Apr 26, 2015

QNAP/Linux - Python Programming 04 (Learn by Doing: Crawl & Parse Pages)

In the first blog "Python Programming 01 (Setup and the First Program)", I use geturl.py as an example to write the first Python program. However, searching "url" or "http" from PyPI - the Python Package Index, your will find hundreds relevant packages in the result. How to select adequate packages for doing jobs, there is no deterministic answer.
https://pypi.python.org/pypi/urllib3/1.10.1
For example, I found urllib3 package that seems to be better than urllib. Let me try to import it in the command interactive mode.
urllib3 was not installed
Download urllib3 package, extract it and install with setup tool (ipkg install py26-setuptools).
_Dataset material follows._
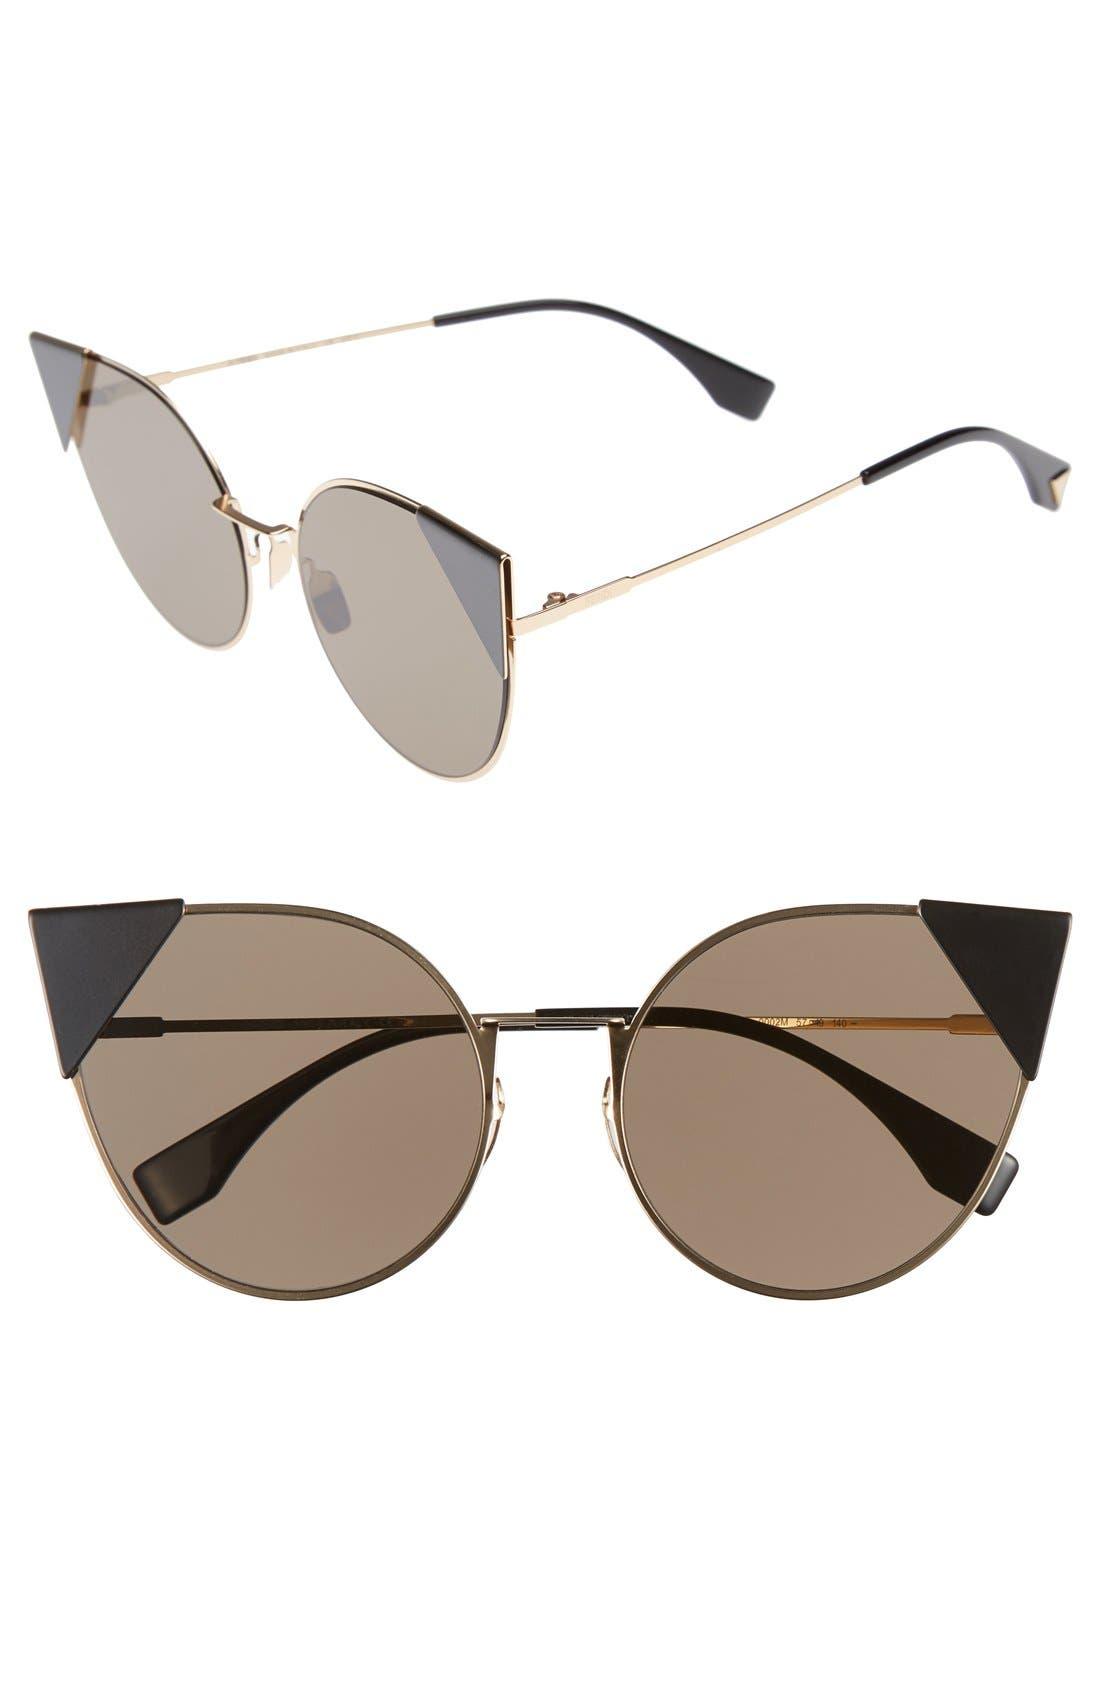 Main Image - Fendi 57mm Lei Cat Eye Sunglasses

install urllib3 through .py source codes
Then try to import again, it is successful.
import urllib3
The urllib3 download page also shows some sample codes to use this package, as the following example.
import urllib3
http = urllib3.PoolManager()
r = http.request('GET', 'http://google.com/')
print r.status, r.data

Now, learning by doing, the question is: crawl the blog "http://ilearnblogger.blogspot.tw/2015/04/qnaplinux-python-programming-01-setup.html" and extract all tag Labels defined by me in this blog. Just select the part and press F12 to trigger Web Inspector of Chrome to debug.
Go to the HTML elements that render the selected highlight area
Press F12: Observe the rule of DOM tree's XPath to extract desired information
First, use urllib3 to get the page source.
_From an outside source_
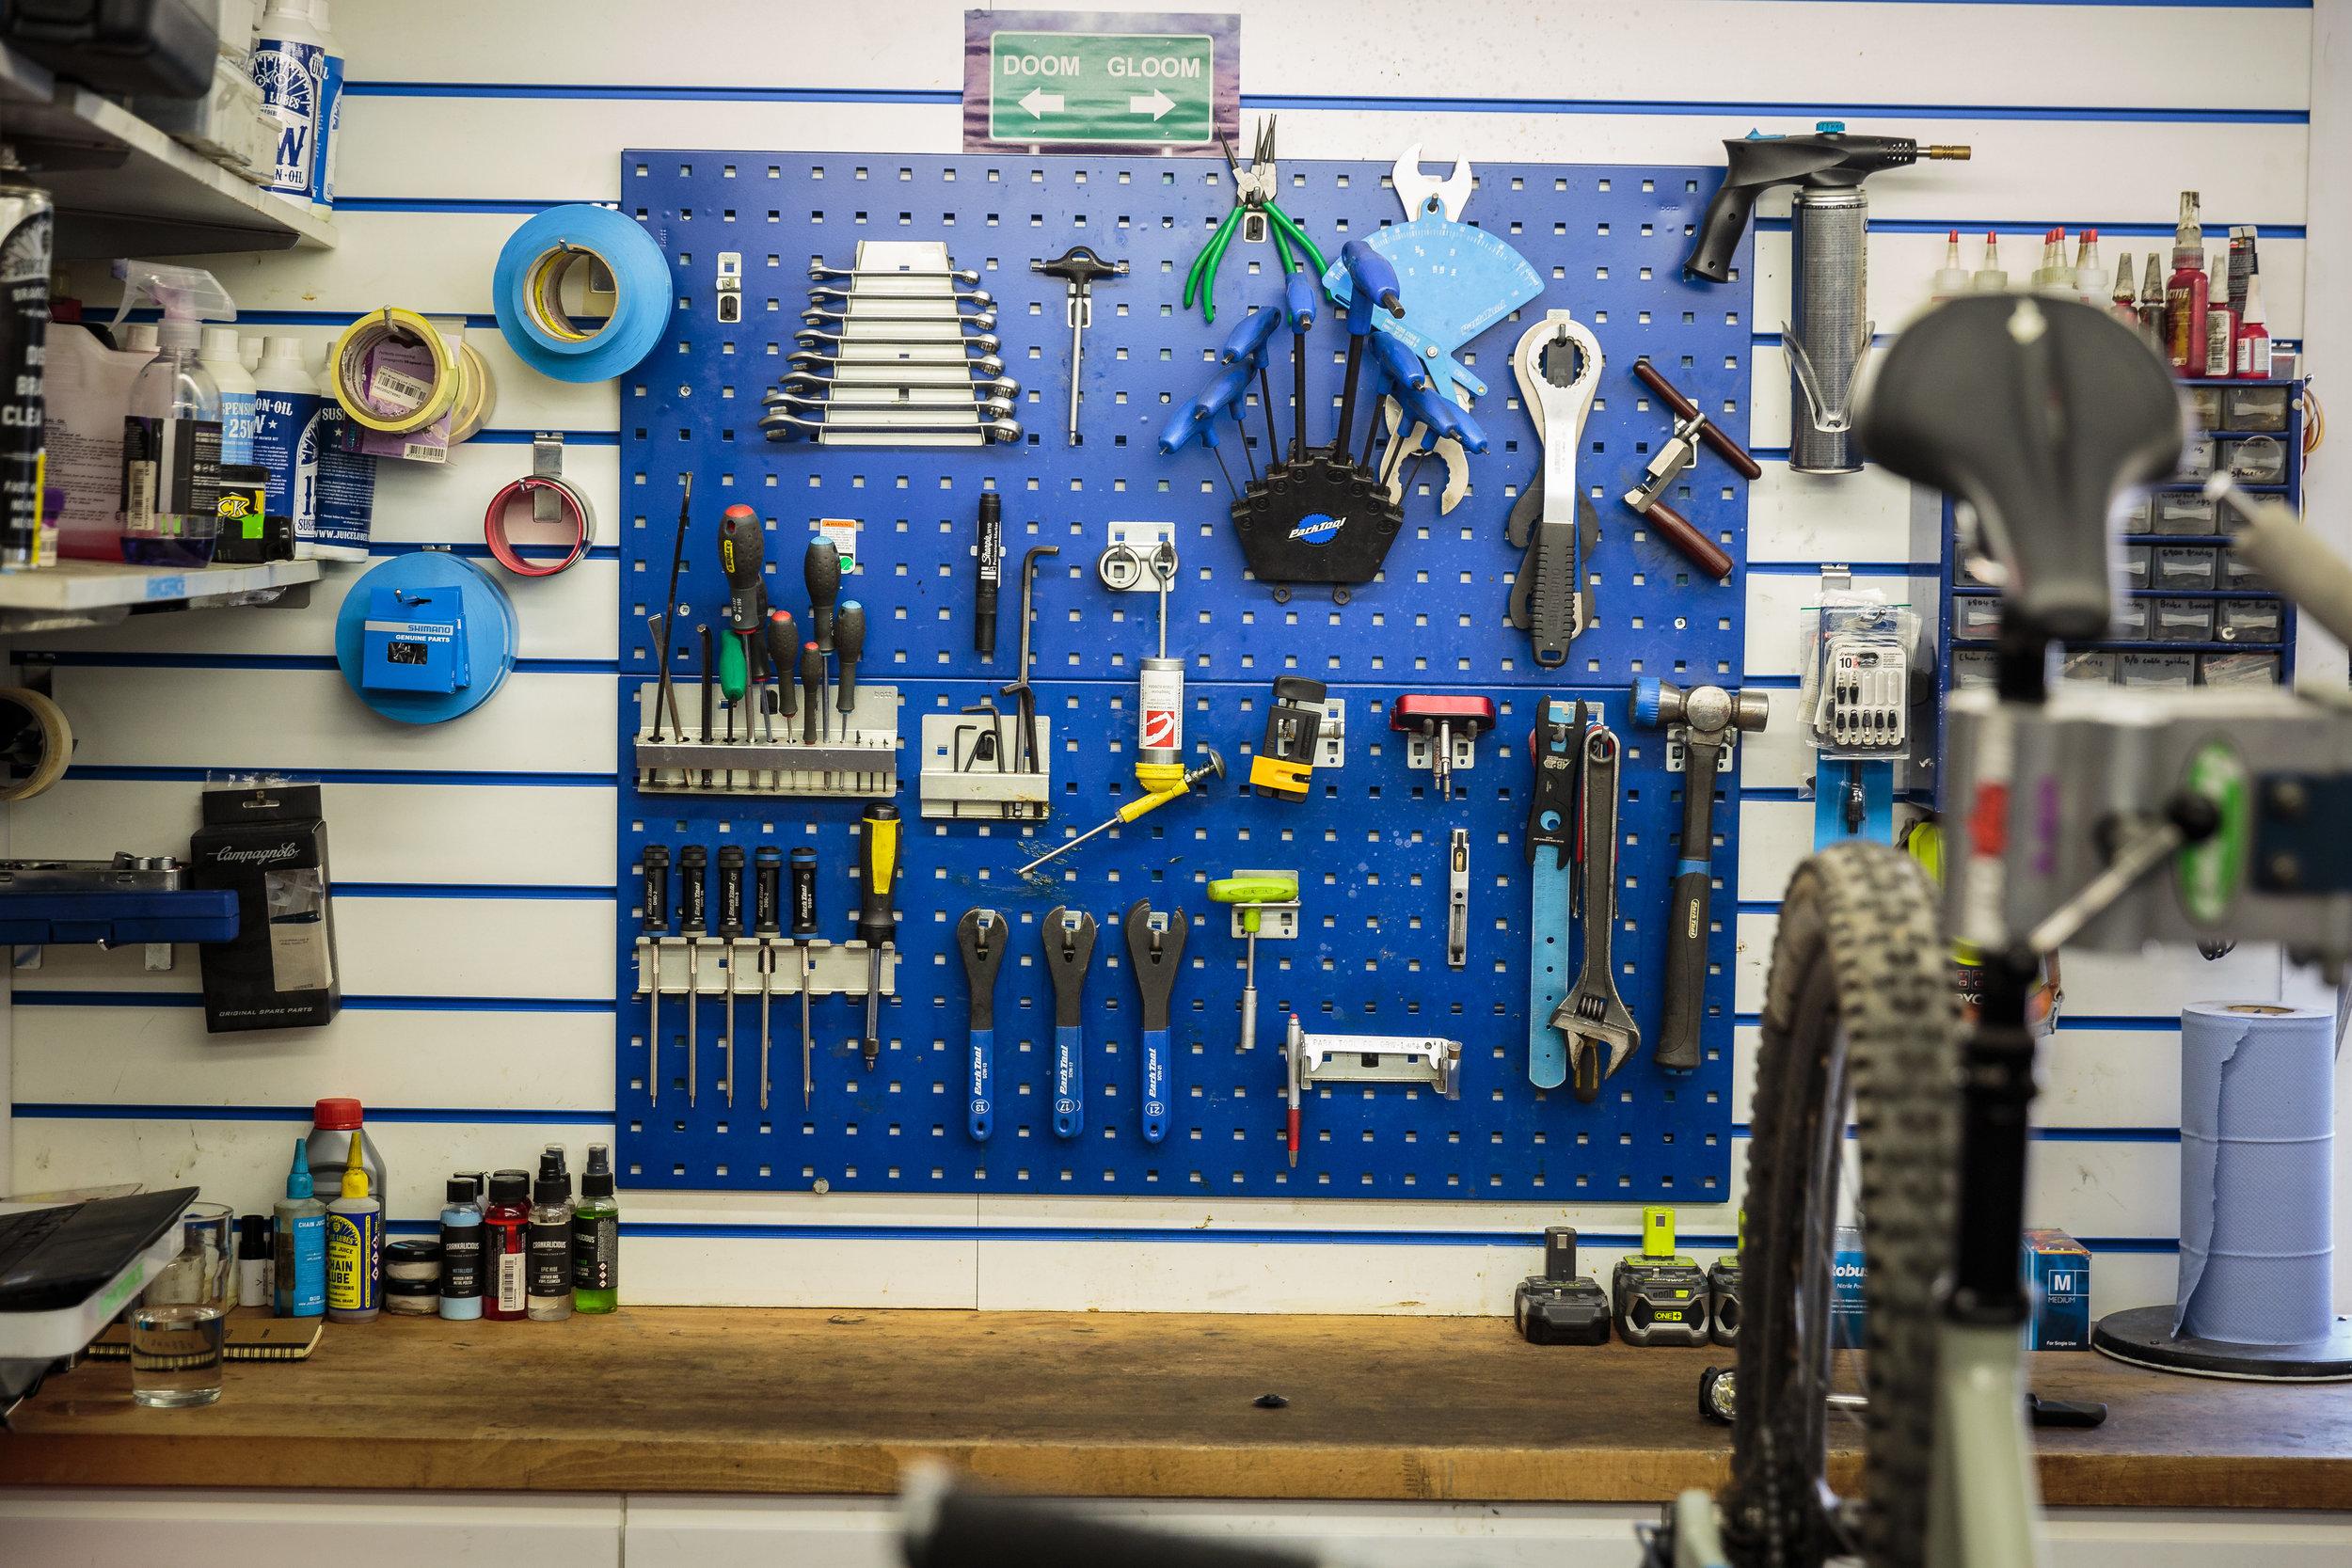 Bike Maintenance Tools

Use sample code to get page easily
My blog page was successfully obtained.
Then, how to parse HTML DOM tree? Search 'parse html' from Package Index, all your needs or ideas should already have many packages. But how can I choose the most adequate one? Google search should accumulate the result that most people appreciate, and I like to get question's answer from stackoverflow due to its largest users and  best quality. So I ran the search 'python parse html "2.6" "stackoverflow"' and get the result.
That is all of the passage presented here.